I have a data source containing millions of documents from a wide variety of business domains. We've aggregated the data such that we can easily find information using natural-language search queries.
I'm looking to run a data science competition internally, and naturally the challenge is going to revolve around text analysis. A recommender engine seems to be the most logical topic for this challenge, given our platform is a search engine.
Unfortunately, it seems the challenge will likely be of an unsupervised-learning nature, as we have no user data yet for our application, and thus have really no way to gauge how effective really the produced recommendations would be.
I see three options:
Leave a random feature (i.e. a random word) out of the dataset and have competitors predict the occurrence of that feature. Basically treat some feature as the dependent variable.

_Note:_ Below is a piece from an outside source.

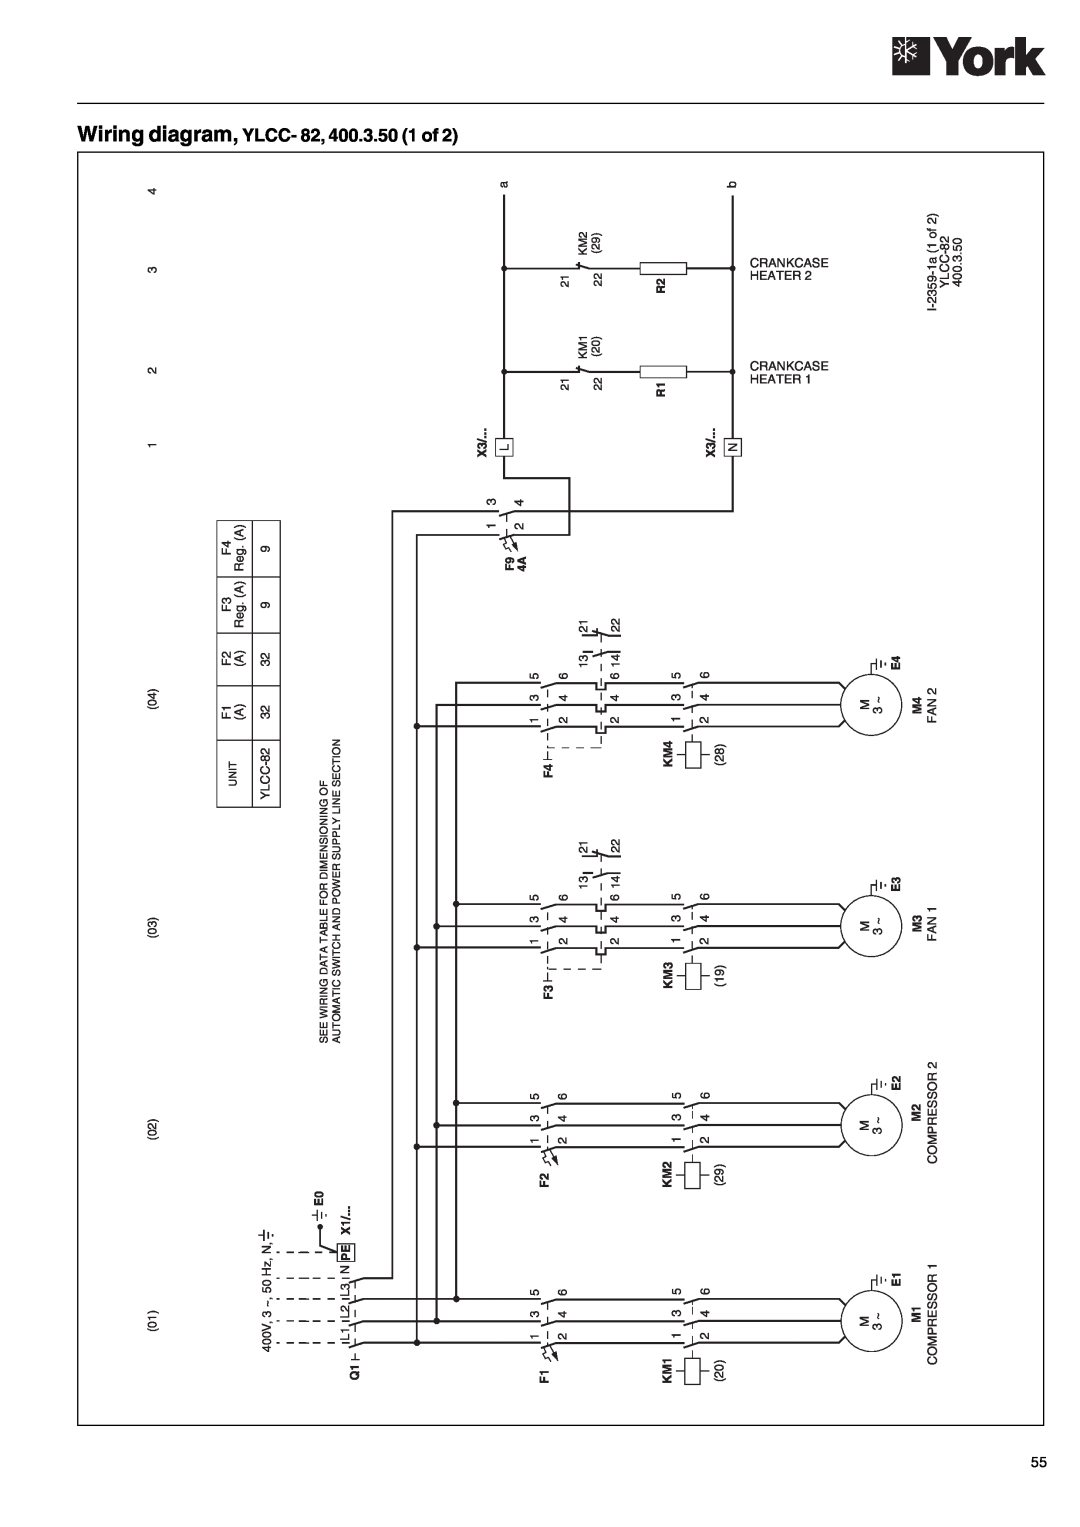 York 152, YLCC 42/62/82/102/112, YLCC-h, 122 manual Wiring diagram, YLCC- 82, 400.3.50 1 of

Use a panel of subject-matter experts (say, five) to subjectively judge the accuracy and relevancy of the recommendations, effectively answering the question, "How close are these recommendations to the actual intent of the user?"
Choose a different topic for the challenge; unsupervised learning does not lend itself well to data science competitions.
My question for you: how would you approach quantifying predictions/results in this challenge? Having run many of these challenges previously, in my spare time, I know how much an objective leaderboard matters for competitors. FWIW, I've also read this post, but I think the goal of this project (i.e. identify the most relevant search results) is about as well-defined as it can be given the unlabeled nature of the data, and therefore there ought to be some metric or scoring approach that should do the trick.